Certe domeniche, capitava che mio padre, per qualche motivo, dovesse andare al siderurgico di Taranto a fare una mezza giornata di lavoro. Il siderurgico di Taranto dista dal mio paese una sessantina di chilometri. All’epoca, pensavo, e lo penso tutt’ora, che mio padre fosse il depositario di alcuni dei segreti più segreti del siderurgico, come una valvola di cui solo lui conoscesse l’esatta ubicazione oppure di un particolare bullone che andasse girato in una certa maniera altrimenti sarebbe successo un putiferio, e chiamassero lui, alla domenica, da così lontano, per fare quel mestiere. All’epoca pensavo che lui fosse contento di questa indispensabilità, e lo penso tutt’ora.

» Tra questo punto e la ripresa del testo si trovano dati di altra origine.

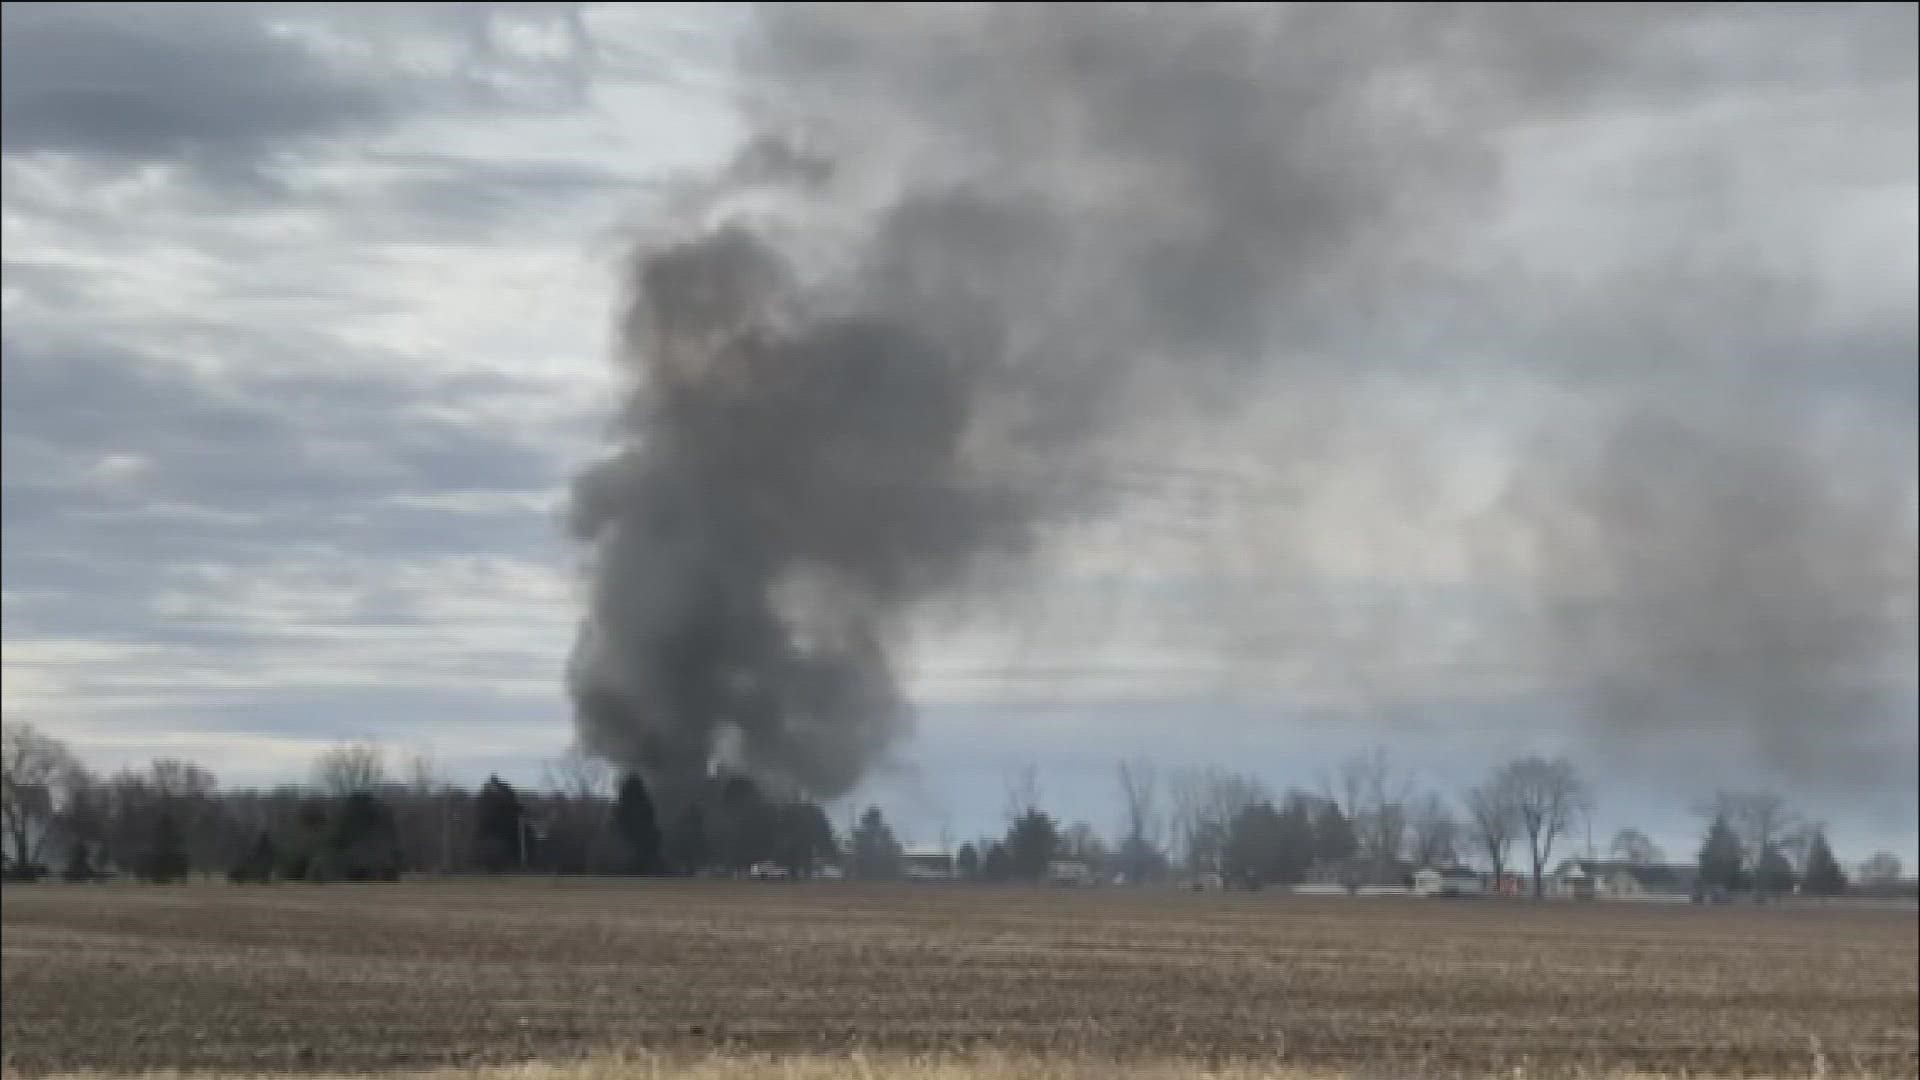 Officials in Middleton Township believe the fire may have been caused by burning leaves.

Quando succedevano di queste domeniche, sapevo che mio padre, sulla strada del ritorno, si sarebbe fermato al porto a prendere il pesce. Prima di uscire dal siderurgico, mio padre chiamava mia madre e mia mia madre chiamava me e mi diceva di preparare la legna per arrostire il pesce e io allora lasciavo le cose che stavo facendo (perlopiù dare fastidio ai mie cugini e mio fratello che erano più piccoli di me). Cercavo della carta, rigorosamente stampata ché la carta di giornale contiene il petrolio e fa una bella fiamma, del cartone che facevo a listelle, sceglievo con cura i ramoscelli per fare il fondo della catasta e via via ammucchiavo pezzi di legna sempre più grandi. Poi mio padre arrivava, e mentre mia madre puliva il pesce, solitamente orate o spigole ma anche cefali che alla brace sono gustosissimi, io accendevo il fuoco e intanto si cominciava col primo, preferibilmente spaghetti con le cozze che mio padre, come ogni tarantino, sapeva aprire con manualità sorprendente e ogni tre pulite una ci spruzzava del limone e se la mangiava cruda.

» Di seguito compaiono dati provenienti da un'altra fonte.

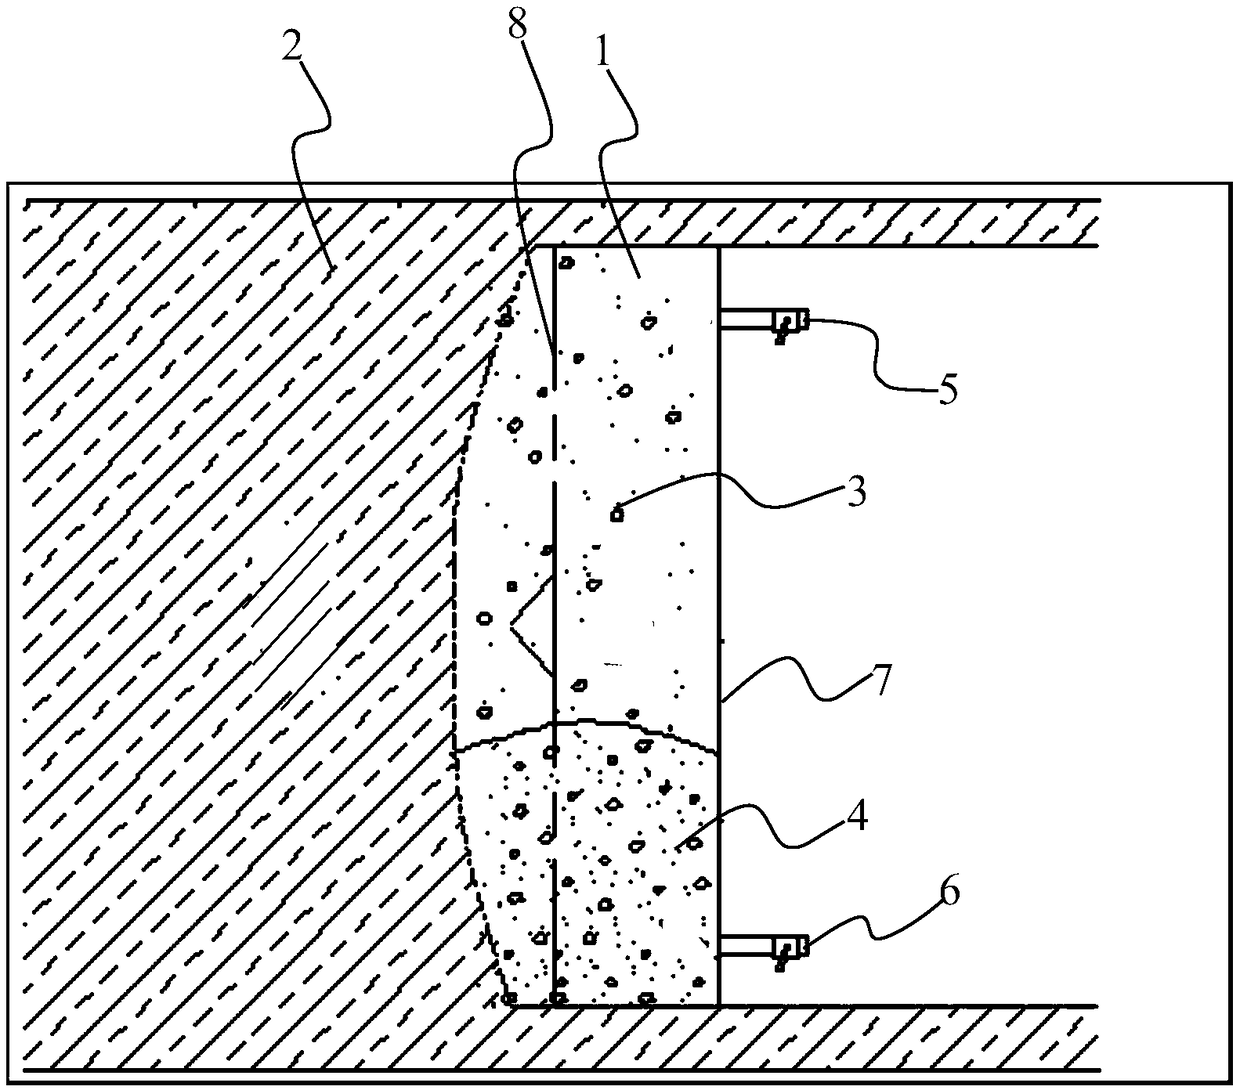 Soil chamber medium replacement method for shield tunneling machine in freezing process

Ora, ogni volta che cucino il pesce, ed è domenica, o un giorno di festa, e sono a Milano, ed è una bella giornata di sole, come oggi, è un po’ come ricordare quelle lunghe estati pugliesi in cui mio padre tornava dal lavoro e mangiavamo tutti insieme il pesce sul fuoco che avevo preparato io e allora questa cosa che mi lavo, mi sbarbo, mi vesto bene, è un tributo alla memoria di un uomo che due cose sopra ogni altra prendeva molto seriamente: il lavoro e il cibo.
Buon appetito, papà.
(foto di Jason Ippolito)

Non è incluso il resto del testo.